A host of different tasks—such as identifying the song in a database most similar to your favorite song, or the drug most likely to interact with a given molecule—have the same basic problem at their core: finding the point in a dataset that is closest to a given point. This "nearest neighbor" problem shows up all over the place in machine learning, pattern recognition, and data analysis, as well as many other fields.
Yet the nearest neighbor problem is not really a single problem. Instead, it has as many different manifestations as there are different notions of what it means for data points to be similar. In recent decades, computer scientists have devised efficient nearest neighbor algorithms for a handful of different definitions of similarity: the ordinary Euclidean distance between points, and a few other distance measures.

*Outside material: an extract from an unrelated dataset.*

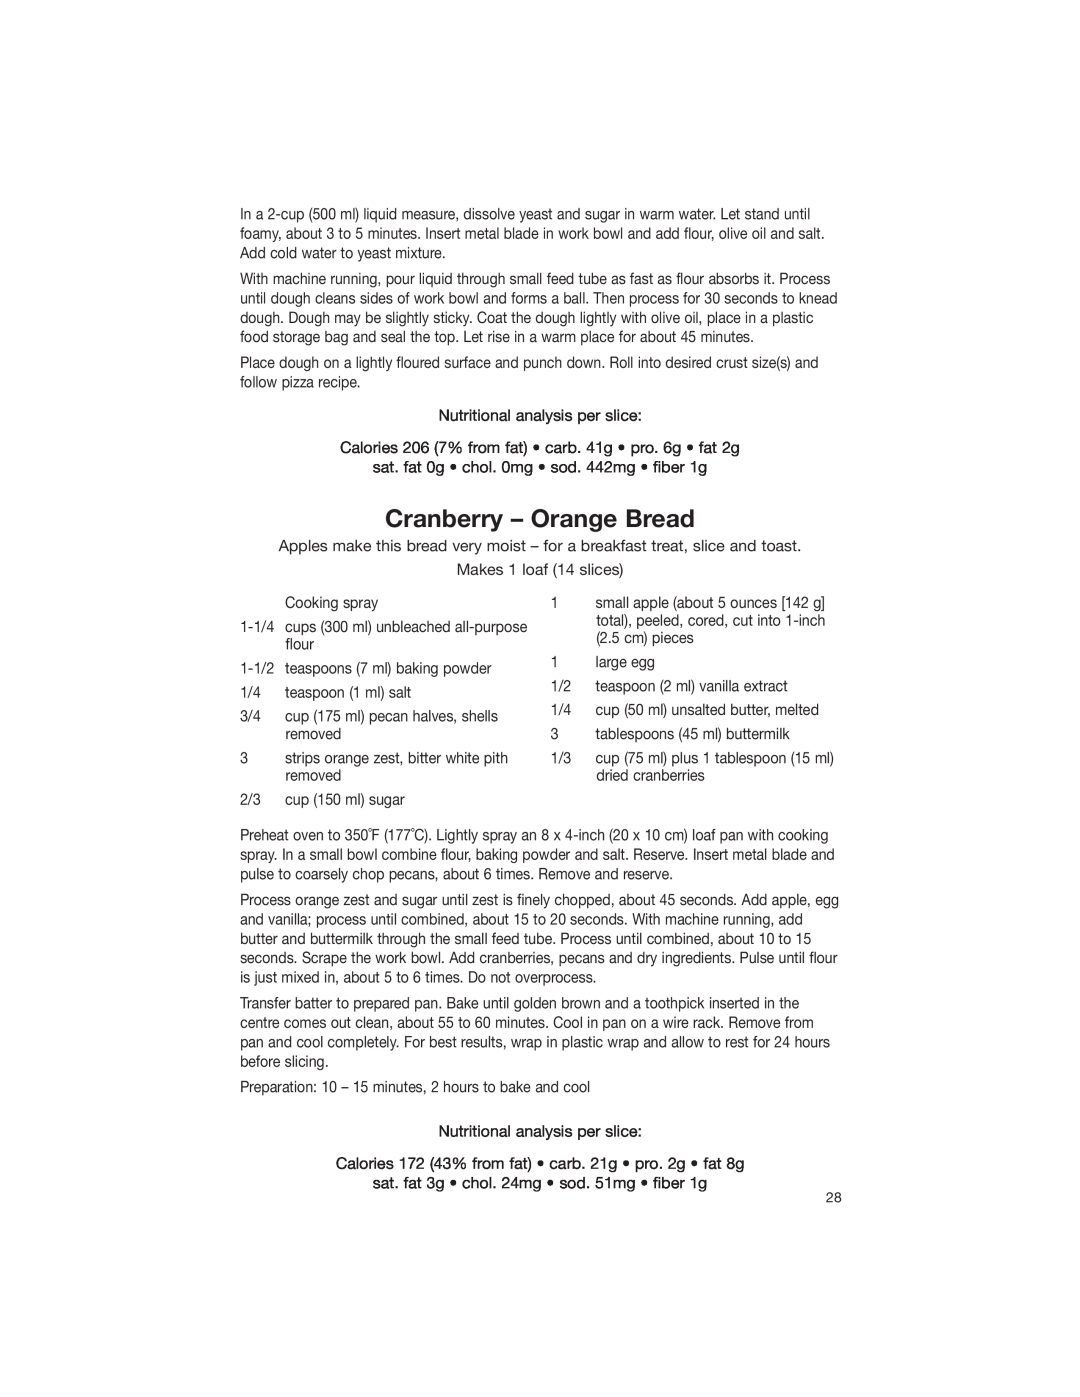 Cuisinart DLC-2007NC manual Cranberry - Orange Bread 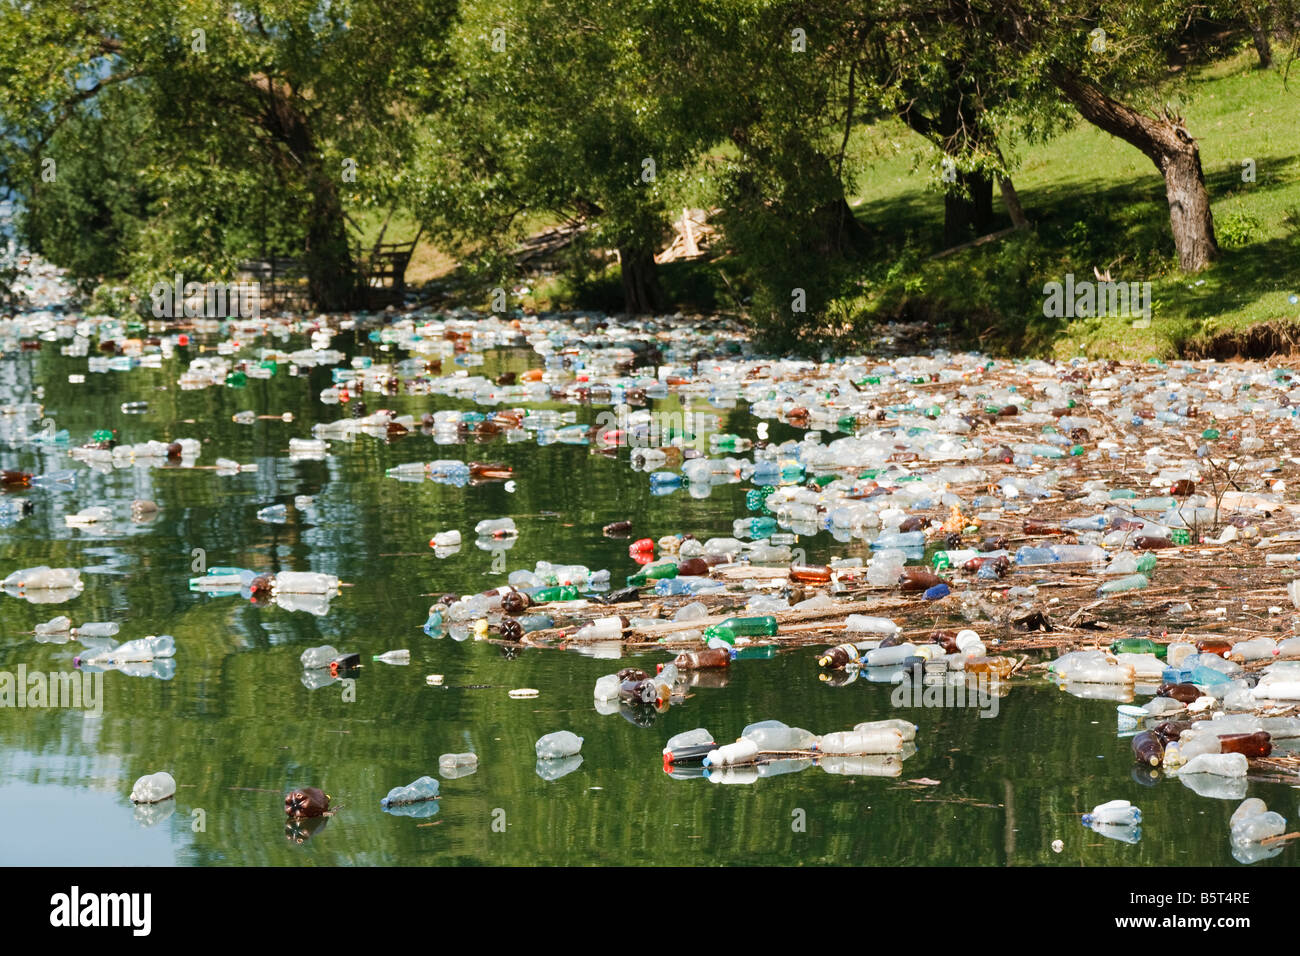 La pollution en plastique lourd dans beau paysage sauvage, le lac bicaz, Roumanie Banque D'Images

However, "every time you needed to work with a new space or distance measure, you would kind of have to start from scratch" in designing a nearest neighbor algorithm, said Rasmus Pagh, a computer scientist at the IT University of Copenhagen. "Each space required some kind of craftsmanship."
Because distance measures are so varied, many computer scientists doubted these ad hoc methods would ever give way to a more general approach that could cover many different distance measures at once. Now, however, a team of five computer scientists has proven the doubters—who originally included themselves—were wrong.
In a pair of papers published last year (in the Proceedings of the ACM Symposium on Theory of Computing and the IEEE Annual Symposium on Foundations of Computer Science, respectively), the researchers set forth an efficient approximation algorithm for nearest neighbor search that covers a wide class of distance functions. Their algorithm finds, if not the very closest neighbor, then one that's almost as close, which is good enough for many applications.
The distance functions covered by the new algorithm, called norms, "encompass the majority of interesting distance functions," said Piotr Indyk, a computer scientist at the Massachusetts Institute of Technology.
The new algorithm is a big leap forward, Pagh said, who added, "I wouldn't have guessed such a general result was possible."
An Unbelievable Tangle
Four of the paper's five authors—Alexandr Andoni and Erik Waingarten of Columbia University, Aleksandar Nikolov of the University of Toronto and Ilya Razenshteyn of Microsoft Research Redmond—originally set out to prove the opposite of what they finally proved. Namely, they tried to show there are some normed spaces, and some datasets within these spaces, for which no nearest neighbor algorithm can be significantly faster than the laborious process of comparing a given point to every single dataset point to find the closest one.
It seemed plausible to the four researchers that some such norms should exist, because norms are extremely diverse. A norm is simply a distance function in ordinary space (of any dimension) that has the property that whenever you scale the coordinates of two points by a given factor, the distance between them scales by the same factor. Ordinary Euclidean distance is a norm, and so is "Manhattan" distance, which measures the number of city blocks between two points.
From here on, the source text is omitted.